Otro de los cambios que se está viendo en la sociedad es que muchas parejas deciden ya no casarse sino más bien simplemente convivir en unión de hecho estable, según muchos para evitarse las complicaciones que acarrea un divorcio, pero aún así cuando llega el momento de la separación en este tipo de relación y cuando hay bienes  e hijos de por medio, es igual o más complejo  que el divorcio, porque  hasta ahora no hay una ley especial que reglamente  la separación para este tipo de relación.

“Lo que se hace ahora es que  primero se declara la comunidad de hecho, en un juicio ordinario y después demandan para la división de los bienes o sea se hace un ante-juicio primero para la comunidad de hecho para poder después pedir la división de los bienes”, explicó la Dra. Elida López  Mendoza, Jueza de Distrito de Familia de Granada.

“Por otra parte, si la persona ya murió  se hace una Concesión Notoria de Estado, donde dice que todo el mundo la conoció que el era su esposo o su compañero de vida y ya con esa  Declaratoria Notoria de Estado la presenta que es como una certificación de la unión, ya con eso ella pide la sucesión del esposo o compañero”, agregó  López.
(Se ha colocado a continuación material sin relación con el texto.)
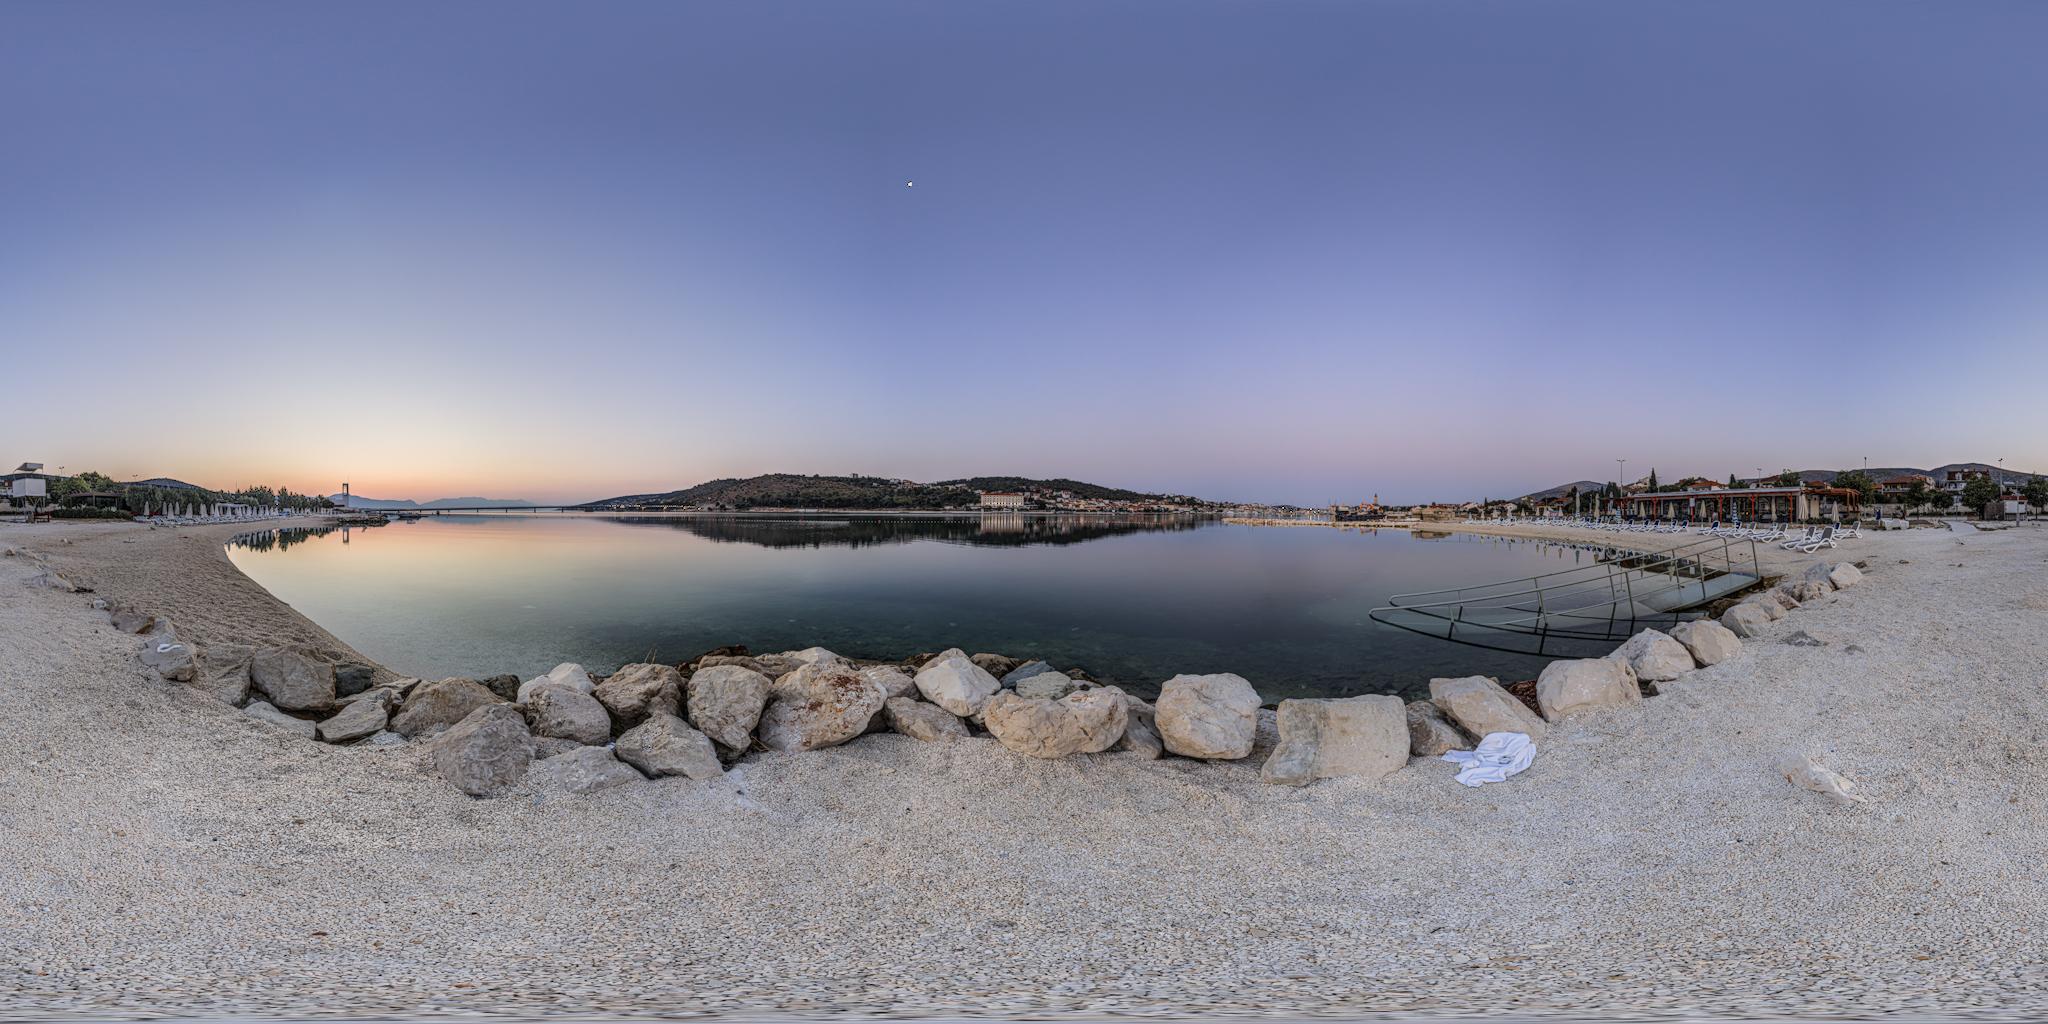 HDRI-Skies-Coffee-Bar-Baketina-Trogir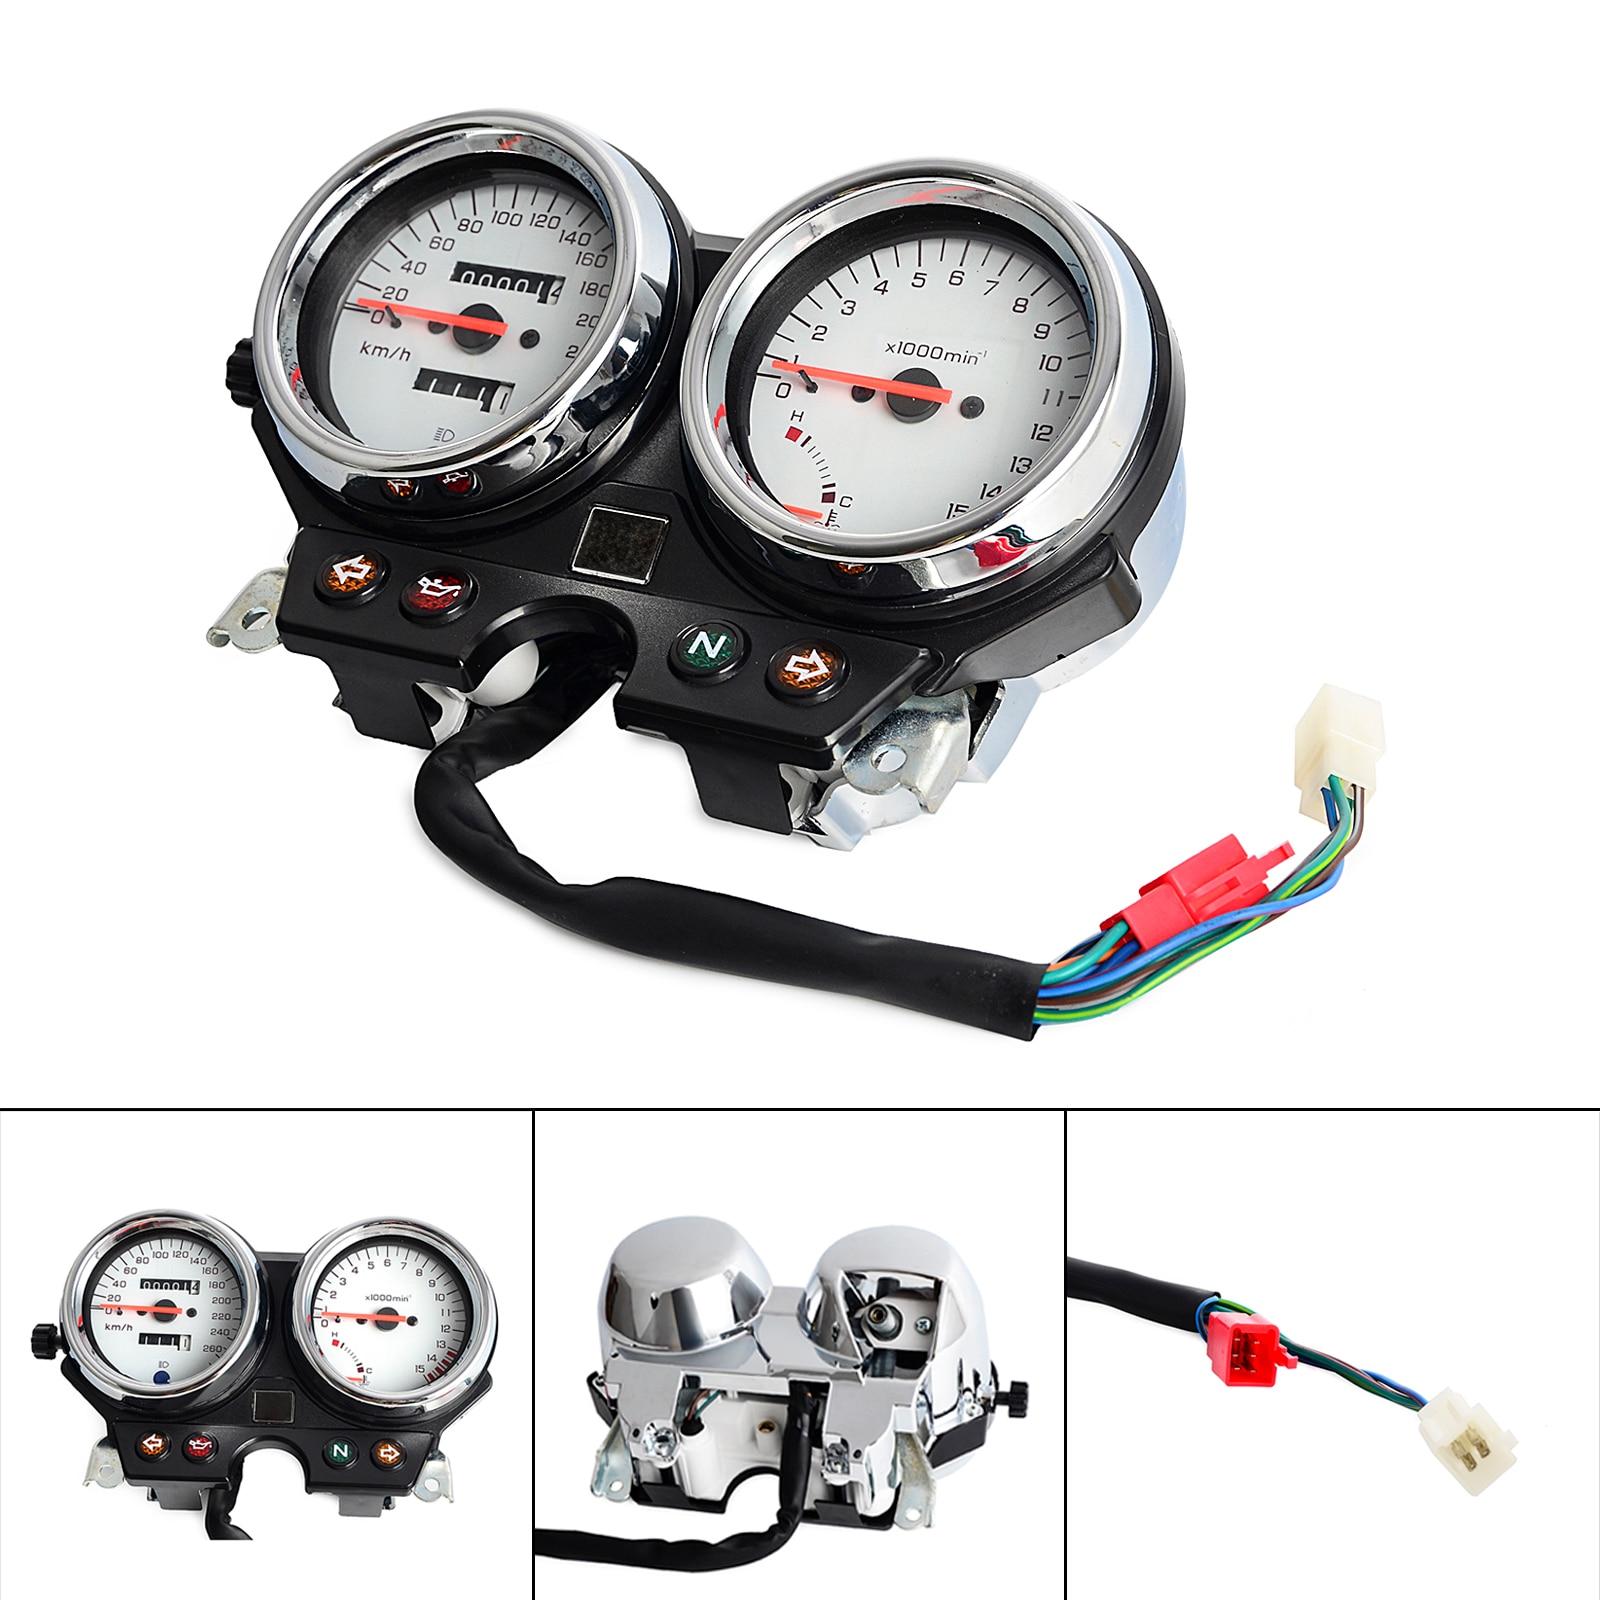 Motorky Gauge Cluster Speedometer Dashboard Tachometr pro Honda CB600 Hornet 600 1996 1997 1998 1999 2000 2001 2002

Hasta una vez aprobado El Código de Familia las separaciones de las uniones de hecho  se realizarán en los juzgados de distrito de familia, el proyecto del código reglamenta  en muchos aspectos  las uniones de hecho pero para mientras se espera su aprobación, estas seguirán reconociéndose como una comunidad de hecho y  todavía se ventilarán  en los juzgados  civiles como un juicio ordinario.